The Belt and Road Initiative has a crucial role in bridging ASEAN and China. Setting aside the underlying geostrategic and geopolitical considerations, the potential benefits from BRI for ASEAN could be massive. The initiative will not only promote industrial development but also help enhance connectivity among the ASEAN member nations. BRI is also the perfect medium for China to trigger demand for its products by investing intensively in strategic infrastructure projects, and developing economic ties along its Silk Road Economic Belt and the 21st Century Maritime Silk Road.

4.3 Philippine Participation

President Rodrigo Duterte has signaled a remarkable shift in the country’s foreign policy by opening the door to a closer relation between the Philippines and China. During his state visit to China last October 2017, he remarked that the country is shying away from the U.S. and moving towards China. This is considered a major move to end the country’s anti-China sentiments emanating from a maritime sovereignty dispute while extending a hand of economic and political cooperation to China. With this development, approximately USD 24 billion worth of investment and credit line pledges was granted to the Philippines to boost its transport, energy, steel and agricultural sectors. The administration is also securing a total of $3.7 billion in funding for up to 30 projects as the Philippines builds new infrastructure. This sends strong signals to businesses in both nations that the Philippines is now a participant in China’s Belt and Road Initiative.

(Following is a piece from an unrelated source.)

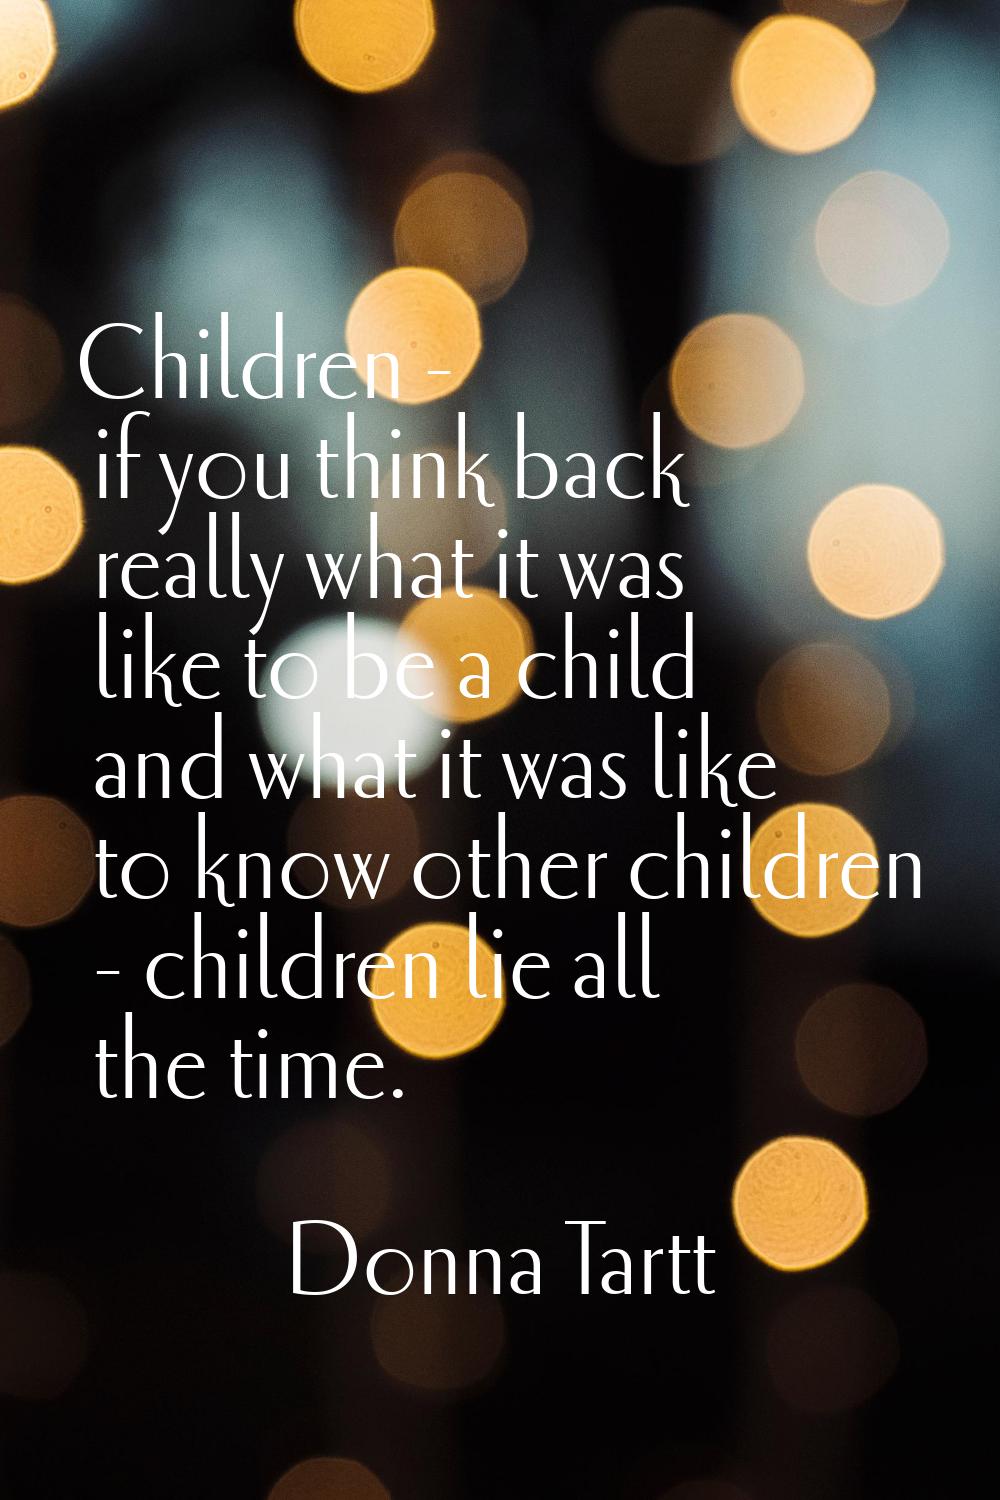 Children - if you think back really what it was like to be a child and what it was like to know oth

Chinese President Xi Jinping met with Philippine President Rodrigo Duterte on the sidelines of the Asia-Pacific Economic Cooperation Economic Leaders’ Meeting to strengthening bilateral ties. Xi said that bilateral ties the between the two countries’ have opened a new chapter. With cooperation enhanced it will bring tangible benefits to both peoples and will contribute to the region’s peace and stability. He also said that the two sides should align the Belt and Road Initiative with the Philippines’ development strategy, and deepen practical cooperation in infrastructure, agriculture, investment and other areas. Given BRI’s similarity with President Duterte’s domestic goal of ushering a “golden age of infrastructure”, the Philippines under the initiative will be instrumental to expand trade, build critical infrastructure and provide greater employment to sustain the country’s growth momentum. However, implementing BRI’s future infrastructure investment plans must be consistent with the Philippines’ infrastructure and other development plans.
Also, the Philippines have participated in to AIIB in October 2014 to fund infrastructure development and stimulate economic growth in Asia. Socioeconomic planning Secretary Ernesto Pernia admitted that China’s infrastructure loans are more expensive than Japan’s. China is offering loans with 2 to 3 percent interest while Japan is imposing 0.25 to 0.75% interest rates. nonetheless, the Duterte government still wants to borrow loans from China since the processing of Japanese projects tends to be “slow” and China’s rates are “still much better” than commercial loans.